料理を出して、お客のところから残ってきたものを、他ではどんなふうに始末しているかわたしは知らない。わたしならその残肴を、お客がぜんぜん手をつけなかったもの、つけてもまだたくさん残っているもの、刺身は刺身、焼き魚は焼き魚というふうに整理して区分けし、これを生かすことを考える。こういうことは以前からしばしばみんなに話はしたものの、億劫がって実現されたためしがなかった。
昔の料理人というのは、安っぽい人間が実に多くて、残肴の処理などといえば、いかにもケチな話のように聞き、真剣には耳を貸さないようであった。
米一粒でさえ用を全うしないで、捨て去ってしまうのはもったいない。雀にやるとか、魚にやるとか、糊をこしらえるとか、工夫するのも料理人の心がくべきことだと思う。

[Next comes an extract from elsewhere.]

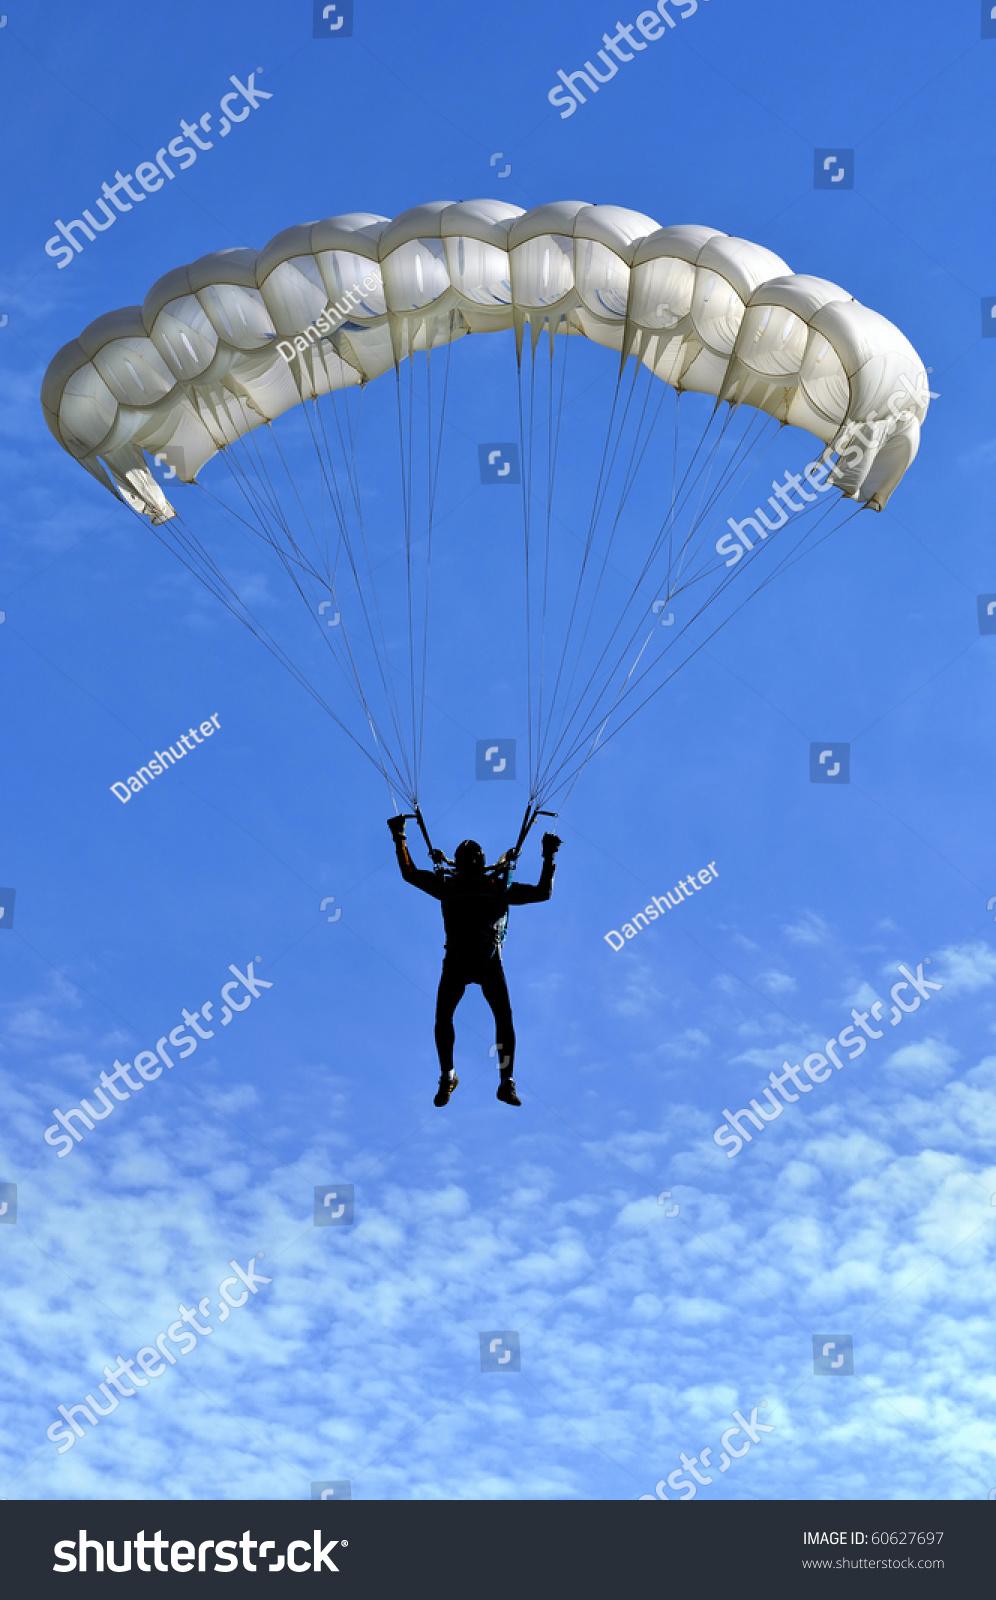 White Parachute On Blue Sky Stock Photo 60627697 ...
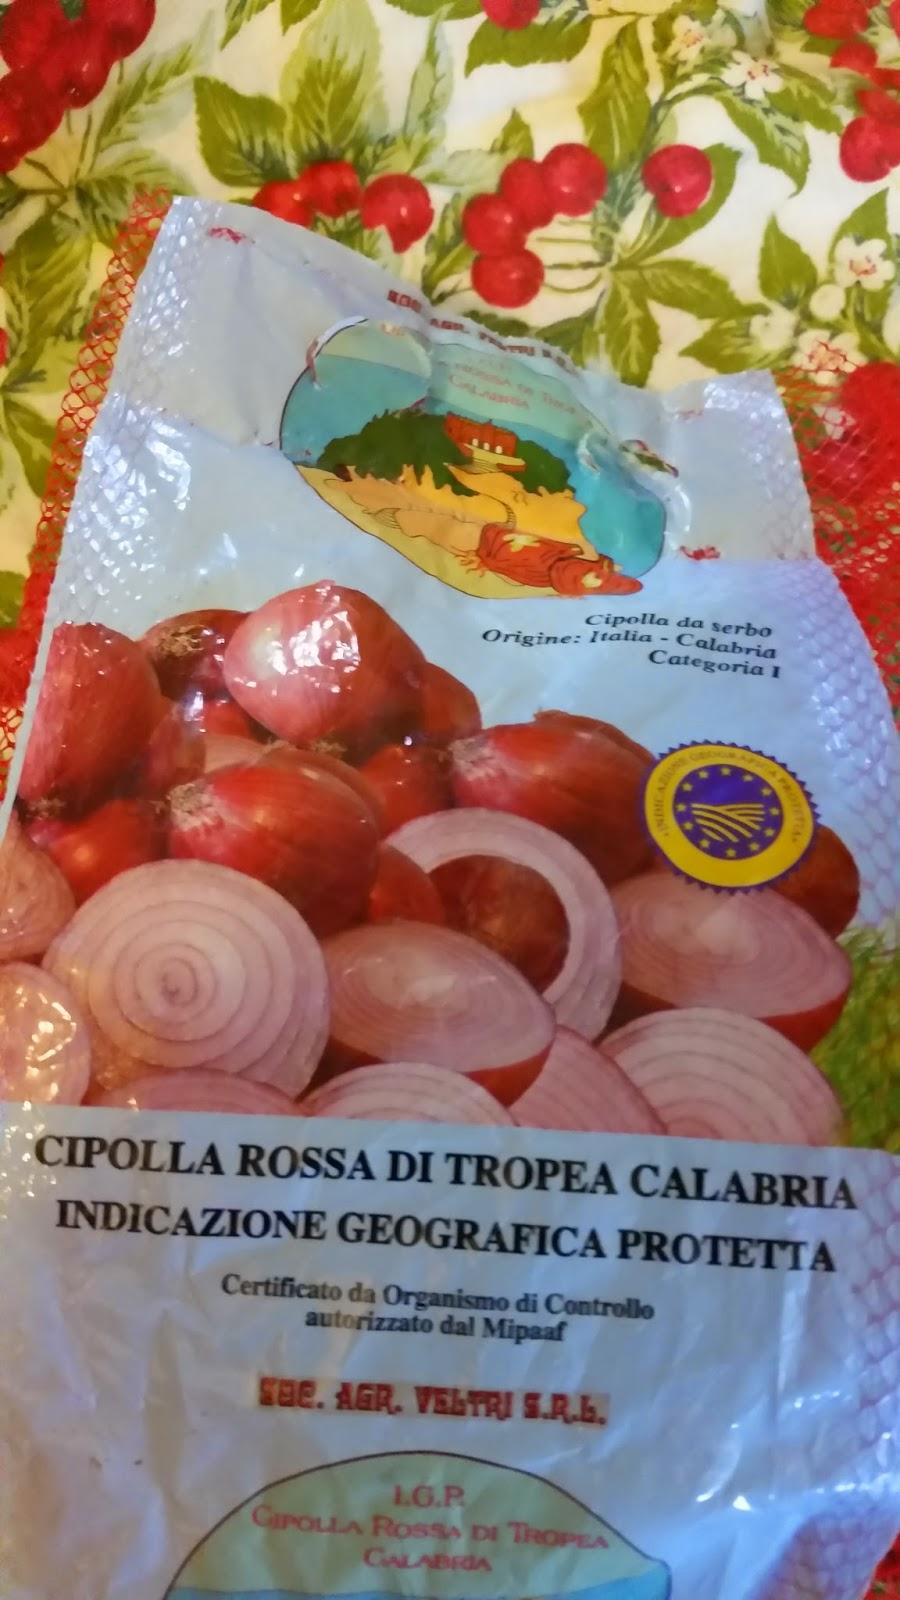 http://www.passaparolablog.com/2014/10/recensione-fontanara-preziosi-olii.html

そんなことをいうのは、人間が古いと感ずるらしい。一椀の飯でも意味なく捨て去ってしまうことは許されない。用あるものは、ことごとくその用を使い果たすところに天命があるのだと思う。
昨夜も遅くまで来客があった。当然残肴が出たわけだが、今朝ひょいと芥溜をのぞくと、堀川牛蒡その他がそっくりそのまま捨ててある。せっかく苦心して、うまくこしらえた高級野菜である。たいていの魚よりはよほど珍しく、珍重するに価する京都牛蒡が捨て去られてしまっている。女中に注意深い者でもいれば、こんなことはしなかったであろうに。料理人たるもの、いかに若いとはいえ、このようなことに無頓着であってはならない。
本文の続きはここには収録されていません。